Луций Лициний Лукулл, выбранный старшим консулом на следующий год, поднялся, чтобы ответить. Его младший коллега, Марк Аврелий Котта, был средним братом нынешнего консула. И никто из них не хотел отвечать на это смелое, но неутешительное письмо.

— Почтенные отцы, вы только что прослушали искренний отчет солдата, а не показное сообщение политика.

— Искренний отчет солдата? Я бы скорее назвал это некомпетентной писаниной, поскольку его автор — некомпетентный командир! — презрительно заметил Квинт Гортензий, зажав нос пальцами, словно почувствовал плохой запах.

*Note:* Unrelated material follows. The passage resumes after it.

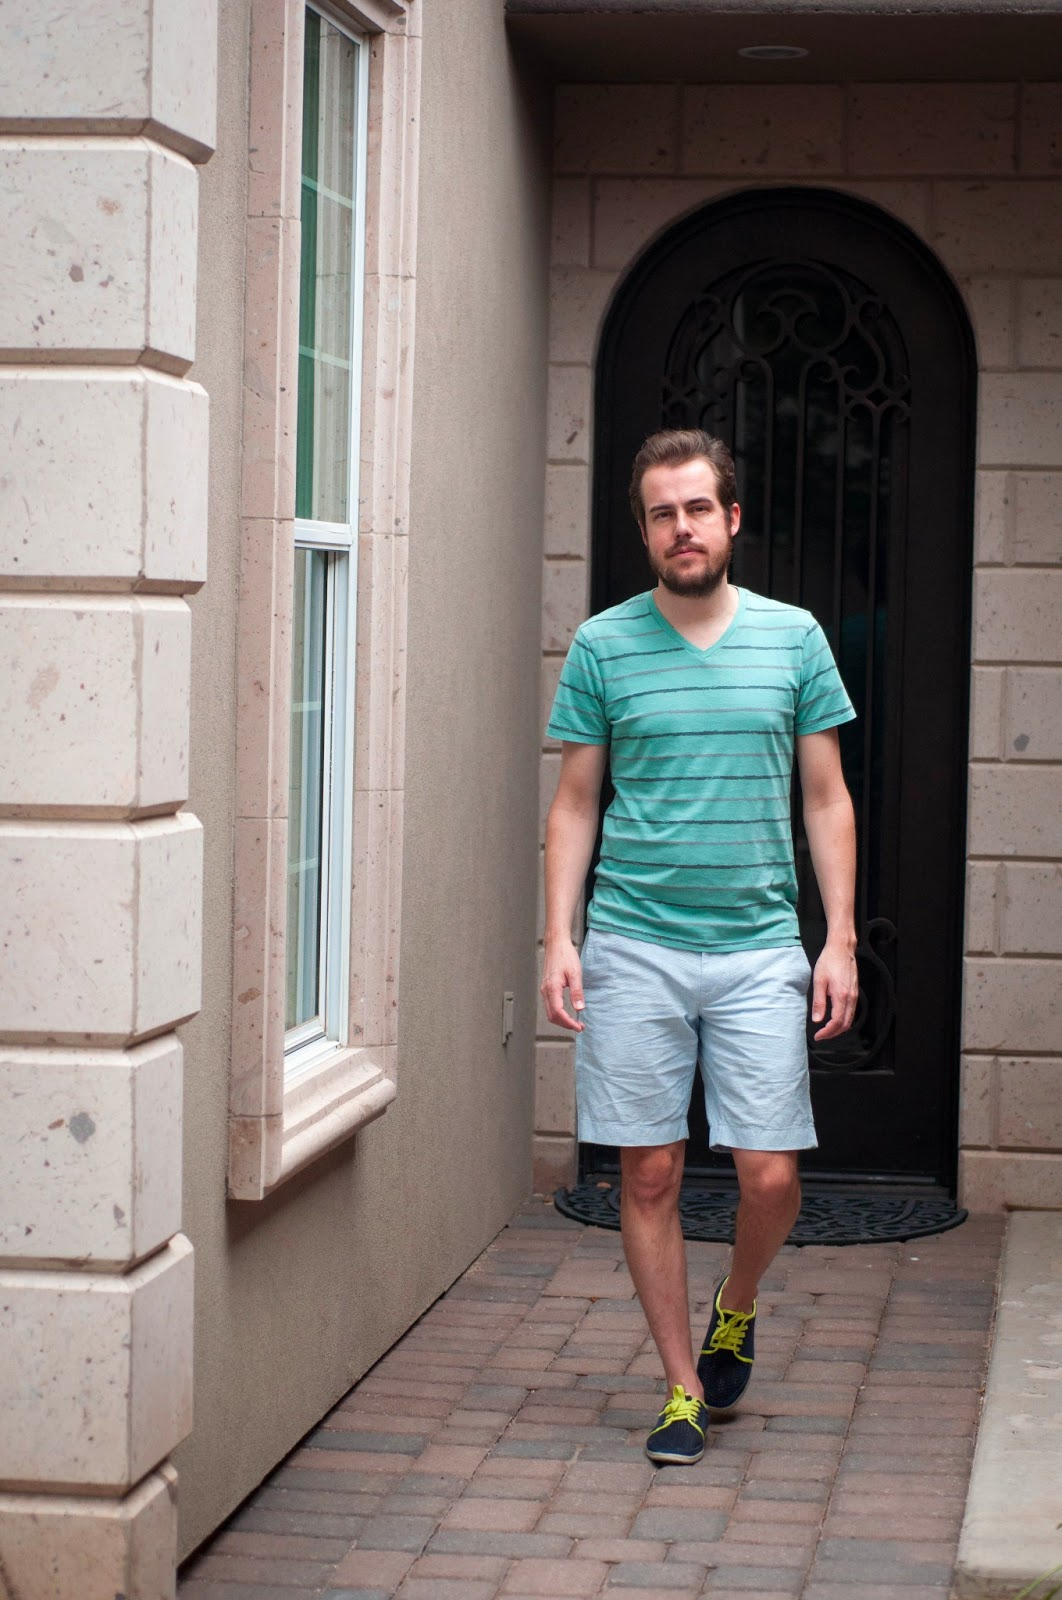 "mens style, mens fashion, zara shoes, jcrew 9"" stanton shorts, jcrew, vneck, bright shoes, stripes"

— Перестань, Гортензий! — устало отреагировал Лукулл. — Я не нуждаюсь в том, чтобы меня прерывал своими умными замечаниями доморощенный полководец! Когда ты найдешь в себе силы свалиться с обеденного ложа и отказаться от любимой рыбы, чтобы одолеть Квинта Сертория, я не только предоставлю тебе слово — я посыплю лепестками роз пол возле твоих пухлых плоскостопных ног! Но пока твой меч много тупее твоего языка, держи свой язык там, где ему место, — за твоими прожорливыми зубами.

Гортензий сник. Вид у него был кислый.

— Да, это не показное послание политика. И оно не щадит нас, политиков. С другой стороны, оно не щадит и самого автора. В письме нет извинений, а перечисленные проигранные и выигранные сражения подтверждены донесениями, которые мы регулярно получали от Квинта Цецилия Метелла Пия. Я никогда не был в Испании. Некоторые из вас, сидящих здесь, видали эту страну, но многие — в моей лодке и совершенно ее не знают. В былые дни Дальняя Испания имела репутацию хорошей поживы для губернатора — богатая, мирная, но с двух сторон окруженная дикарями, так что, если губернатор хотел развязать войну, это легко было сделать. Ближняя Испания, напротив, никогда не имела такой репутации — она беднее и местные жители там в состоянии постоянного волнения. Поэтому губернатора Ближней Испании ждали пустой кошелек и много неприятностей. Но все это изменилось, когда туда прибыл Квинт Серторий. Он уже хорошо знал Испанию — при Гае Марии он служил под началом военного трибуна у Тита Дидия. Напоминаю вам, он заслужил венец из трав, будучи еще почти подростком. А когда этот замечательный и страшный человек вернулся в Испанию как бунтарь, бежавший от возмездия Суллы, Ближняя Испания стала неуправляемой вся, а Дальняя — к западу от Бетиса. Как говорит в письме Гней Помпей, отличному губернатору Дальней Испании понадобились почти три года, чтобы одержать победу над одним из приверженцев Сертория — Гиртулеем. Но не самим Серторием. Письмо не осуждает нас в одном: из-за распрей внутри Италии мы не посылали губернатора в Ближнюю Испанию почти два года. Это, почтенные отцы, было равносильно тому, что мы подарили ее Серторию!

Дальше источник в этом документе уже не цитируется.